• Supplied material
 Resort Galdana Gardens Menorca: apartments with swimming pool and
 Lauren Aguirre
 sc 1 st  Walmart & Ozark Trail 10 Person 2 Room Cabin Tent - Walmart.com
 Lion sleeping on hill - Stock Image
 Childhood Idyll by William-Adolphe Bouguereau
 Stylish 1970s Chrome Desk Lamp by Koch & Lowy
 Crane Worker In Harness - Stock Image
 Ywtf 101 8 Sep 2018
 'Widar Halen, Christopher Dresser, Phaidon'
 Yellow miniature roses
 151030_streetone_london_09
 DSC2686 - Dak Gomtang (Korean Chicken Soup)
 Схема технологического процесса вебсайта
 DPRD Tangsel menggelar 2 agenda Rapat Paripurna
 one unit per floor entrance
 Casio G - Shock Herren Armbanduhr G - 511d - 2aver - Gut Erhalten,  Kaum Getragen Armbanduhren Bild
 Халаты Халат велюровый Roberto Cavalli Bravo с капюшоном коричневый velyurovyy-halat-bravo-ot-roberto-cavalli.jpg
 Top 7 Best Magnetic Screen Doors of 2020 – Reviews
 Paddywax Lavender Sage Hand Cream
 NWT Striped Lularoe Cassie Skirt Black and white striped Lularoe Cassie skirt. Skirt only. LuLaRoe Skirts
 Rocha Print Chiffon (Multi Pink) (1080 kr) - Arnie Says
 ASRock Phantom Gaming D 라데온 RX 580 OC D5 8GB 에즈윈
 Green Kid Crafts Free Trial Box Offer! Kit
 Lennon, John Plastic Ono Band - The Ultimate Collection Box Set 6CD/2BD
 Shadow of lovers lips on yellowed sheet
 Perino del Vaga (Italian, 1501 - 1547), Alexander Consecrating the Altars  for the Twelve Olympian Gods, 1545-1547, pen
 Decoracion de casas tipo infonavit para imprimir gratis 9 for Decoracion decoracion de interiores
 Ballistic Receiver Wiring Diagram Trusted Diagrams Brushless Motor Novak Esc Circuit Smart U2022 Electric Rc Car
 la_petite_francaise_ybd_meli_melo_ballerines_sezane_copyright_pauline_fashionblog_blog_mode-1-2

• What the task requires
Take the entries above and return only the lines from the one with "Stylish 1970s Chrome" to the one with "Casio G - Shock", both included, unchanged.

• Exercise response
 Stylish 1970s Chrome Desk Lamp by Koch & Lowy
 Crane Worker In Harness - Stock Image
 Ywtf 101 8 Sep 2018
 'Widar Halen, Christopher Dresser, Phaidon'
 Yellow miniature roses
 151030_streetone_london_09
 DSC2686 - Dak Gomtang (Korean Chicken Soup)
 Схема технологического процесса вебсайта
 DPRD Tangsel menggelar 2 agenda Rapat Paripurna
 one unit per floor entrance
 Casio G - Shock Herren Armbanduhr G - 511d - 2aver - Gut Erhalten,  Kaum Getragen Armbanduhren Bild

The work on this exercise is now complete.